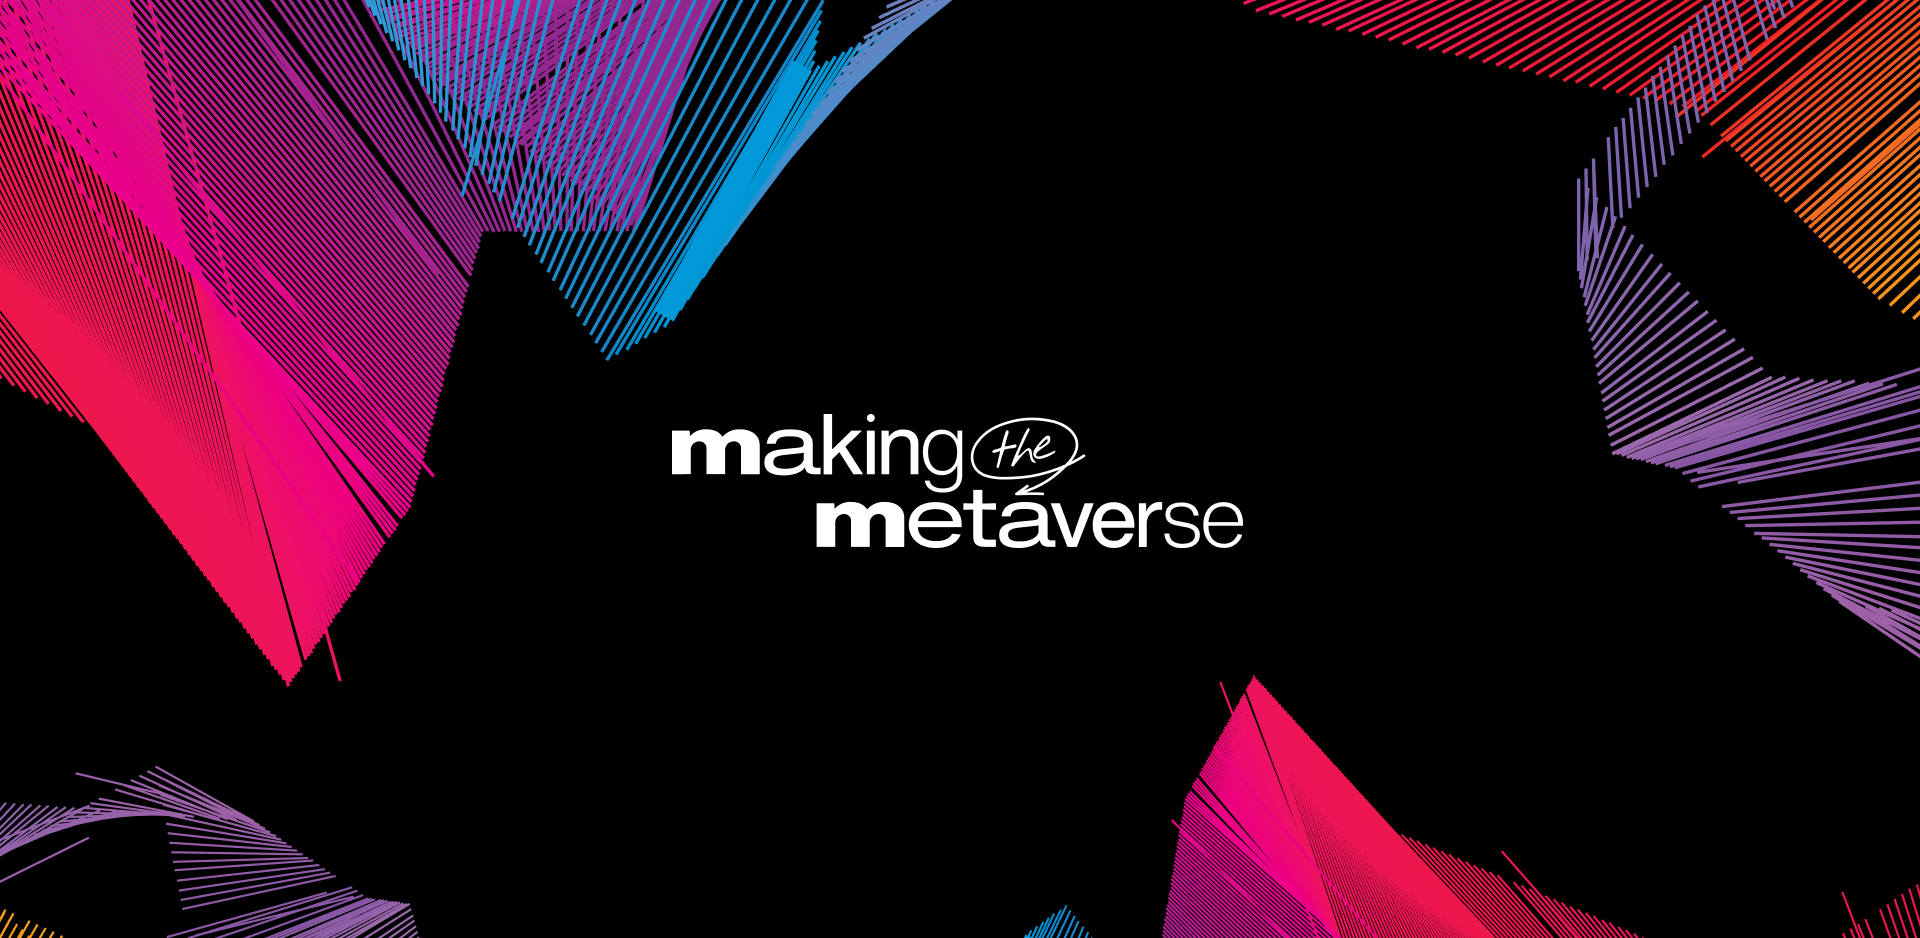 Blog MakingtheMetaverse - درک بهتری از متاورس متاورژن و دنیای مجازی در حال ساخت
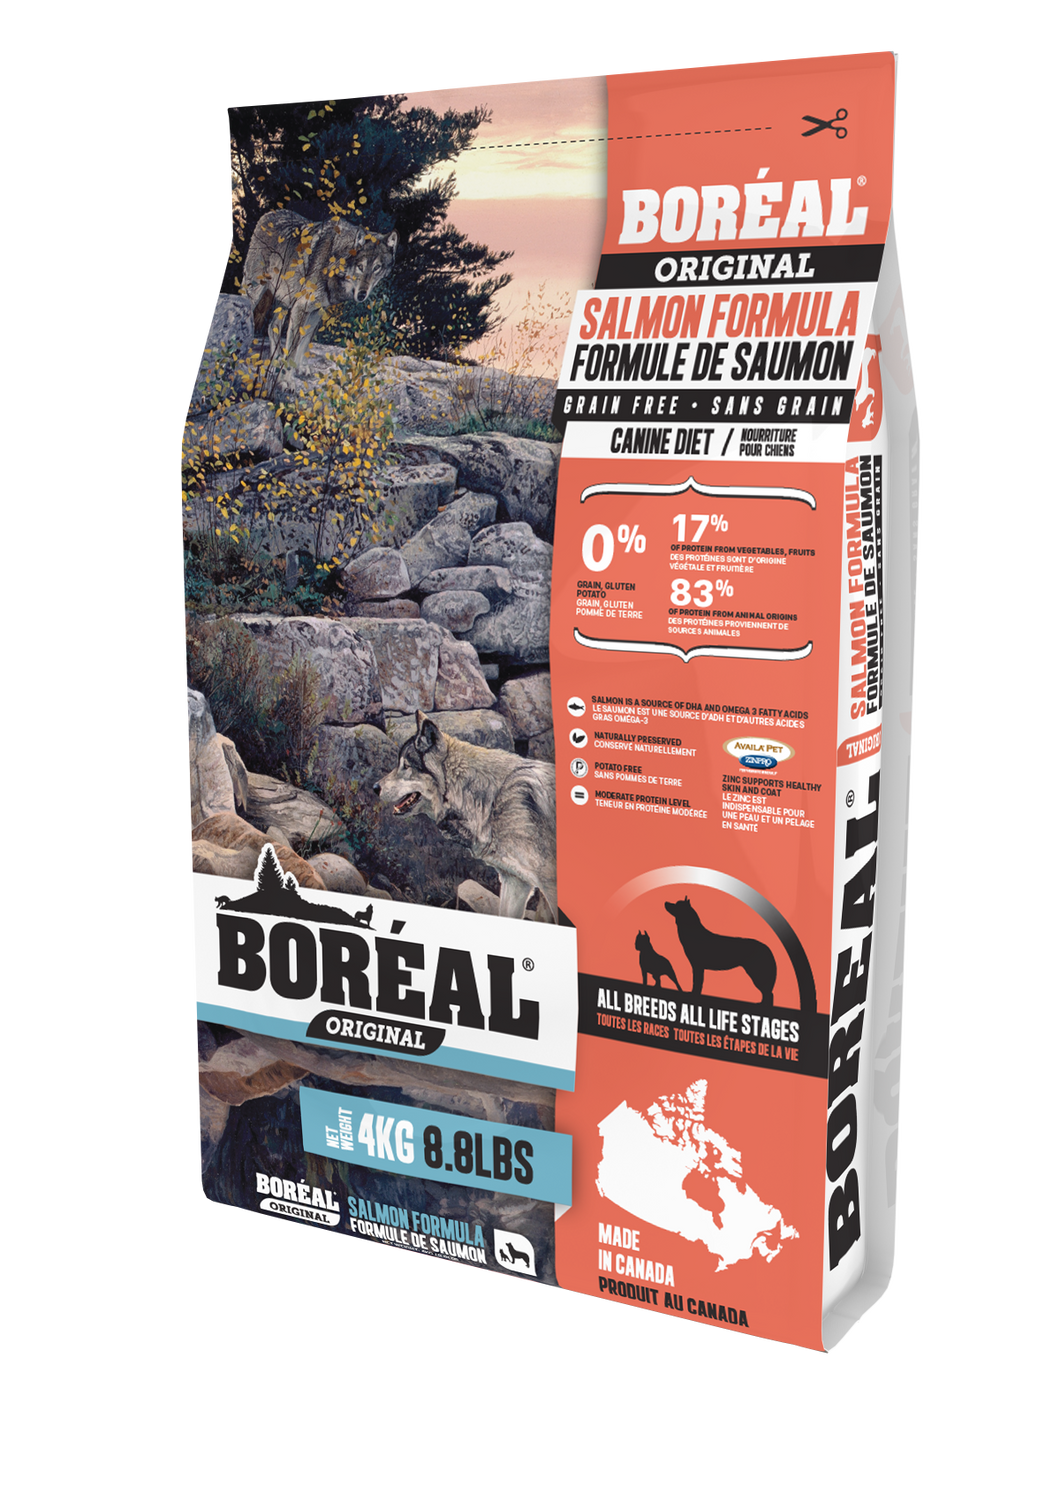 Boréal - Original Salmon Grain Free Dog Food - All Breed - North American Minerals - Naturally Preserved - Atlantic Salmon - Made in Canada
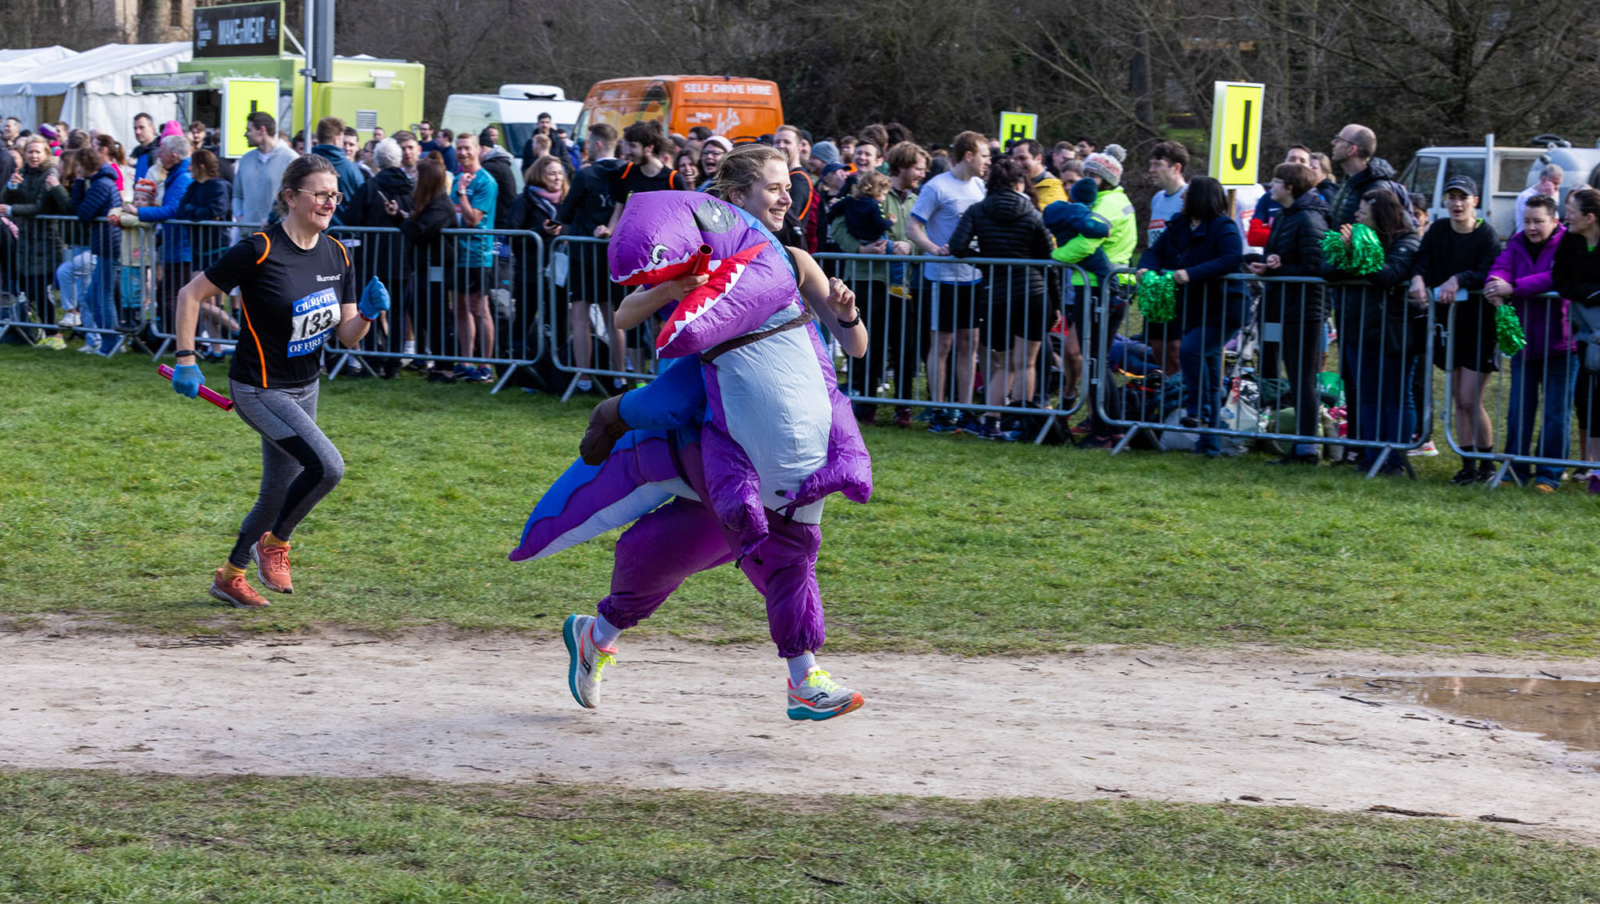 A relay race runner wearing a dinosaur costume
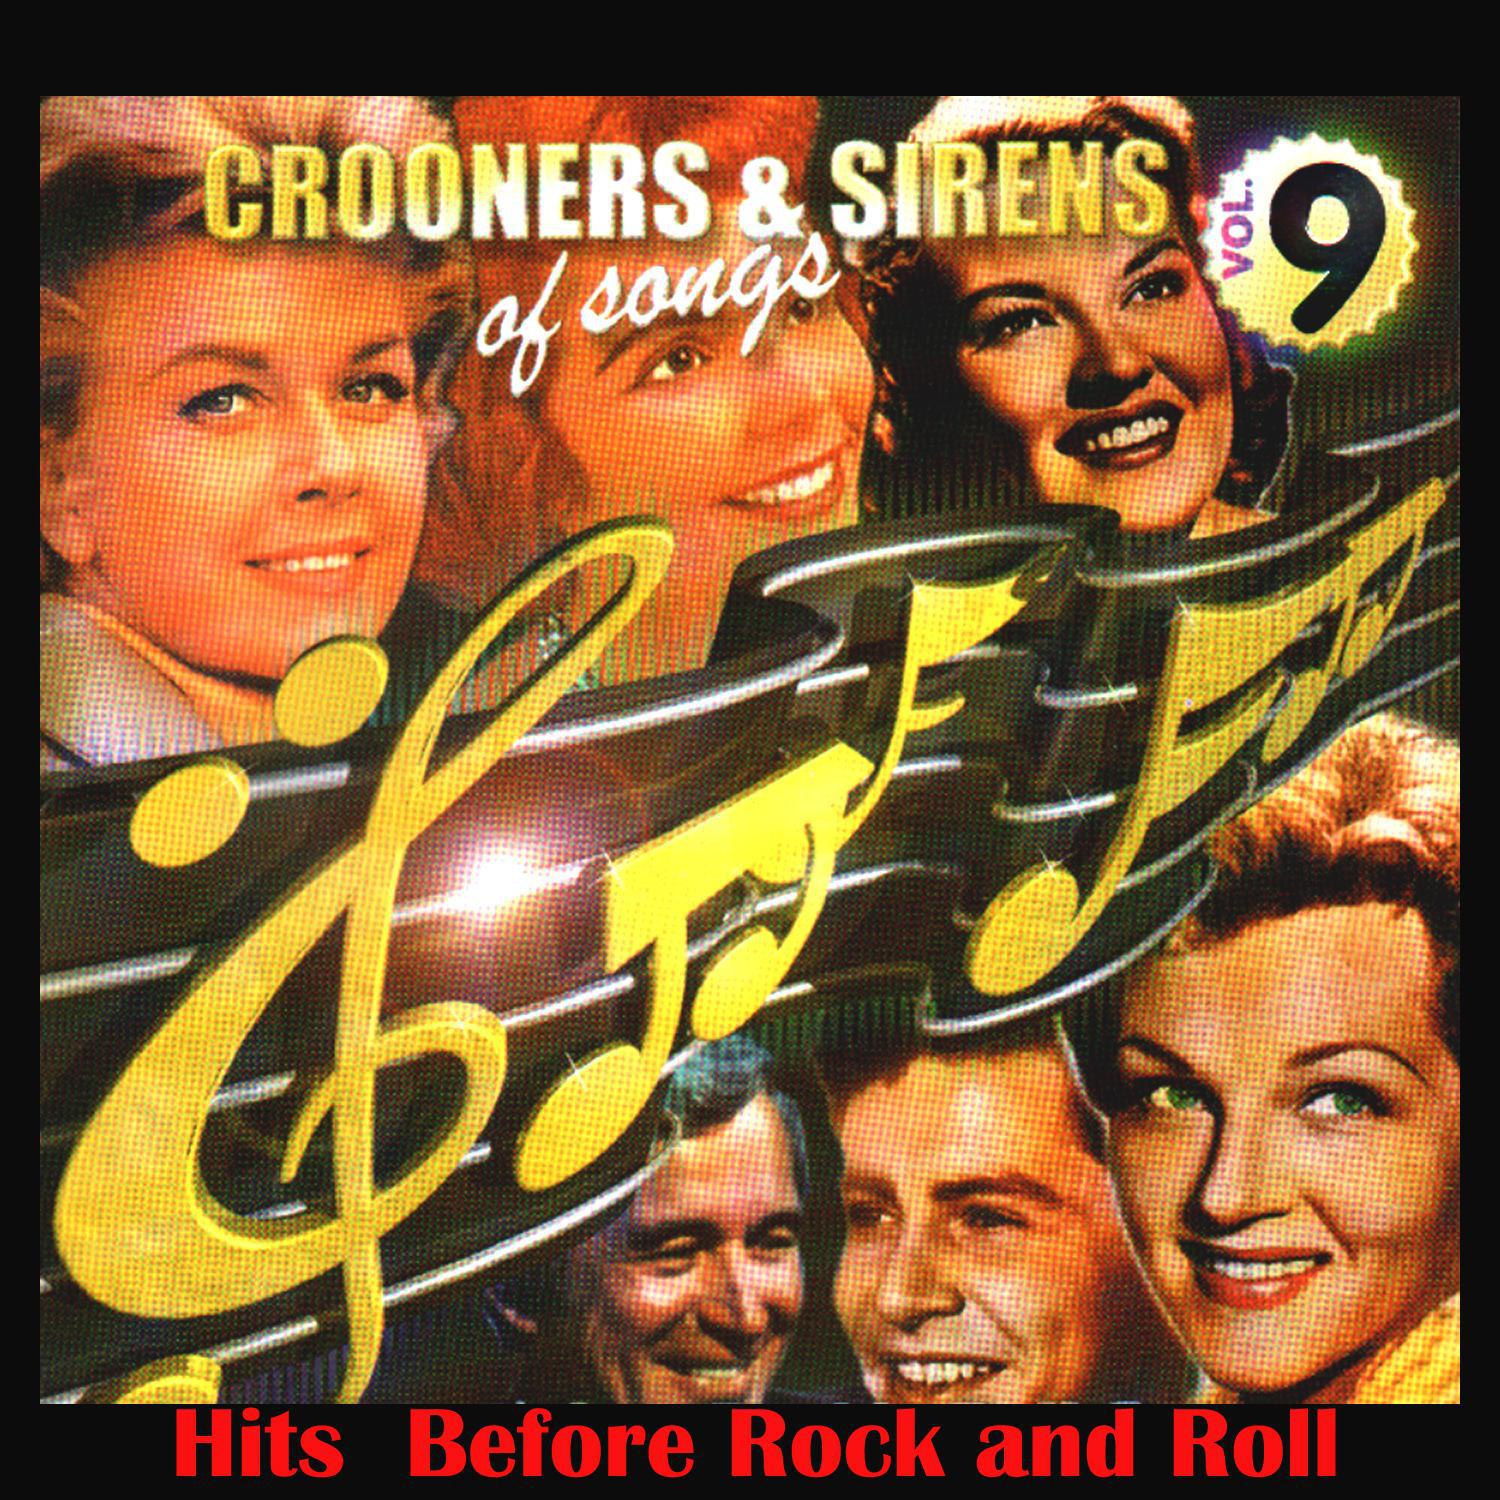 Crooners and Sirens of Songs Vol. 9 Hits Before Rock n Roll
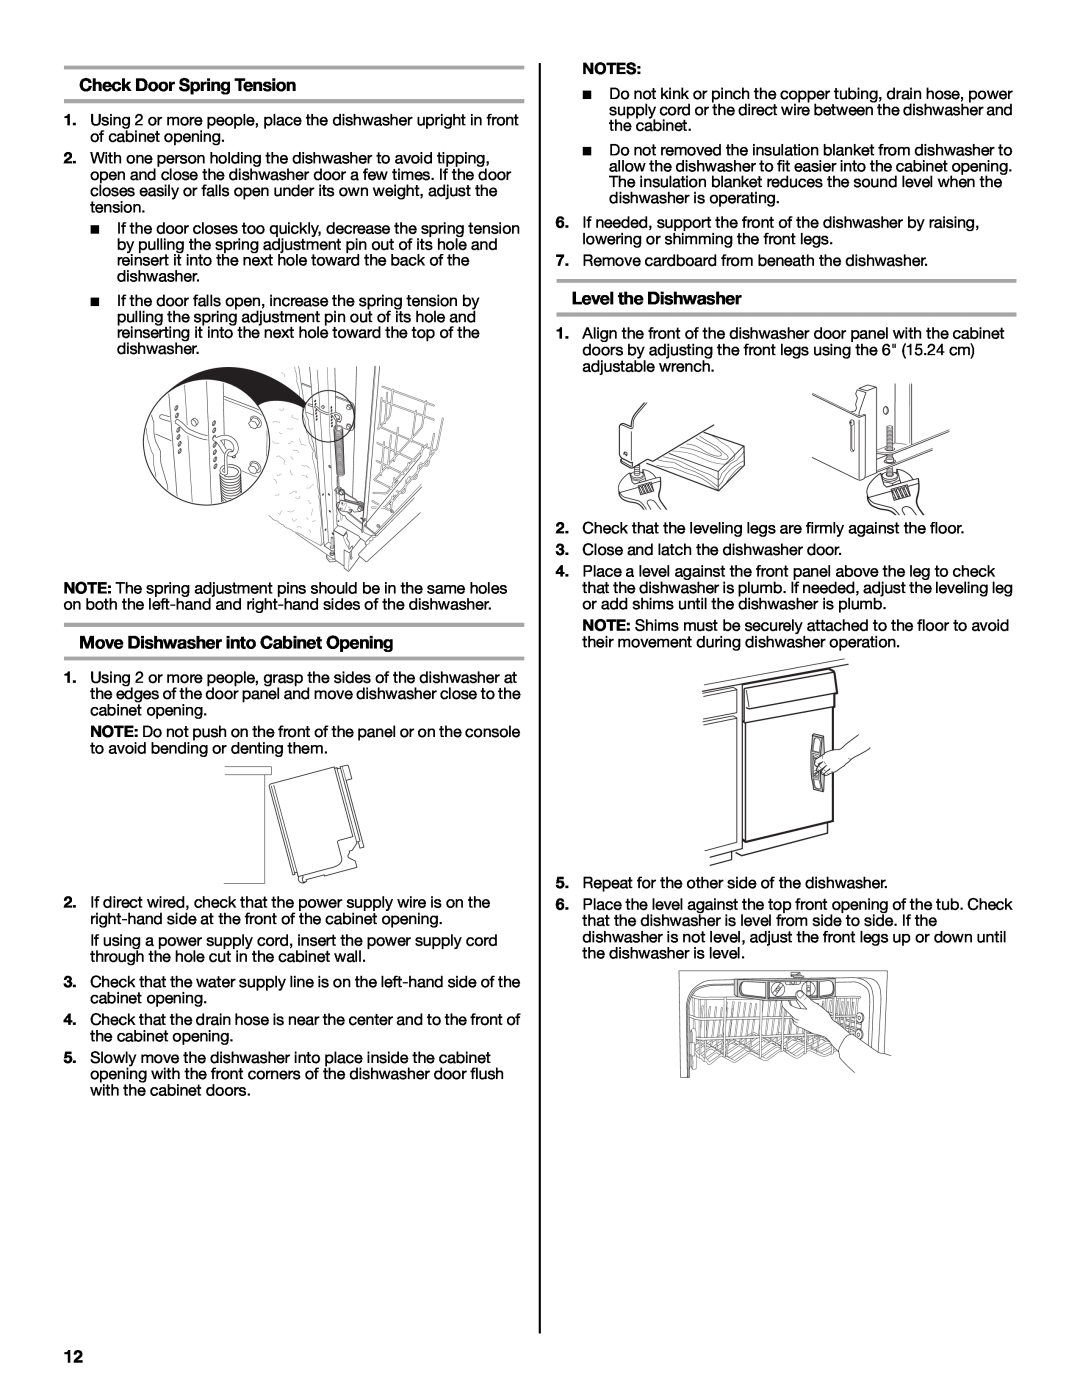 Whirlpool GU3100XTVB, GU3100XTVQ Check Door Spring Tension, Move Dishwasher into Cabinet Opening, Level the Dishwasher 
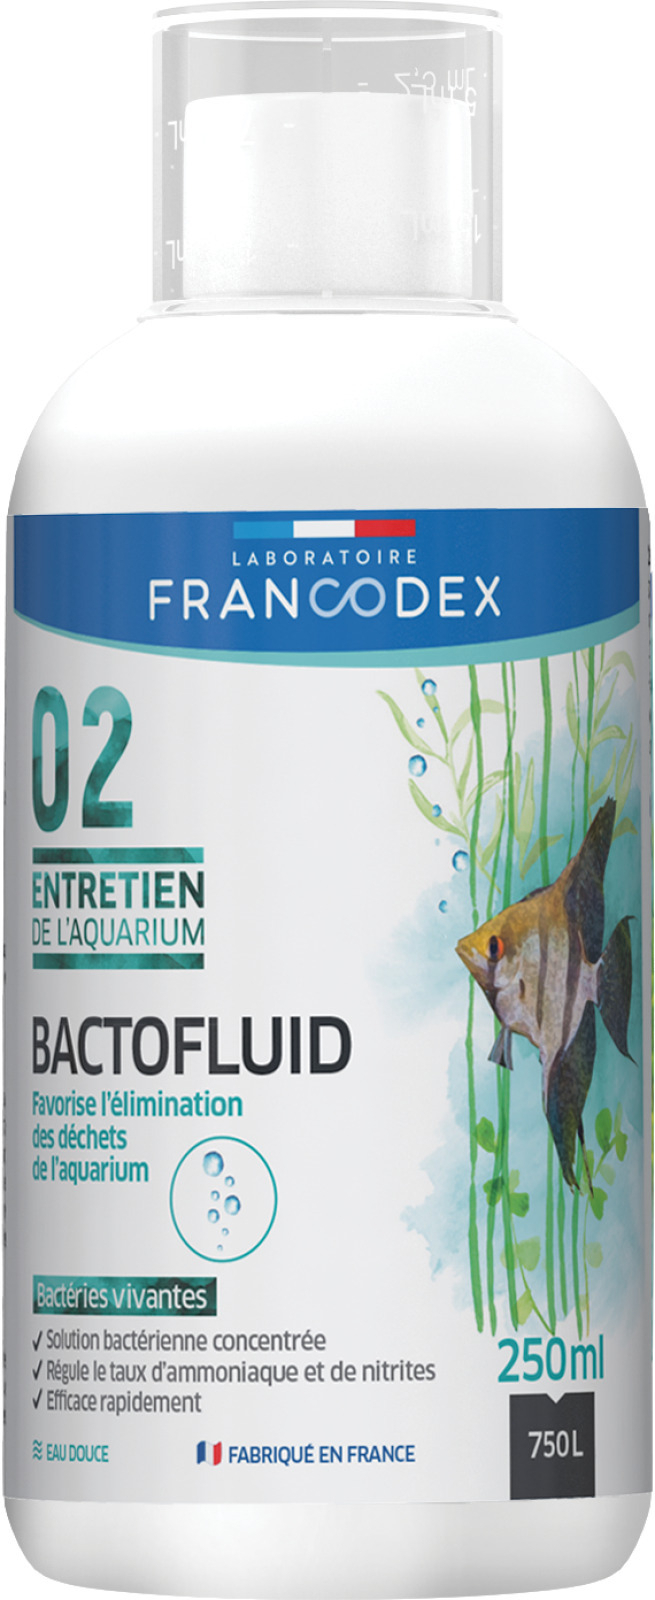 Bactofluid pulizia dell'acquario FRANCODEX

****************************************

**EXERCISE DESCRIPTION**
Exactly the lines from the one with "Whirlpool GU3100XTVB, GU3100XTVQ" through the end of the entries above must be written out, and no pictures may be included.

**ANSWER AREA**
 Whirlpool GU3100XTVB, GU3100XTVQ Check Door Spring Tension, Move Dishwasher into Cabinet Opening, Level the Dishwasher 
 Bactofluid pulizia dell'acquario FRANCODEX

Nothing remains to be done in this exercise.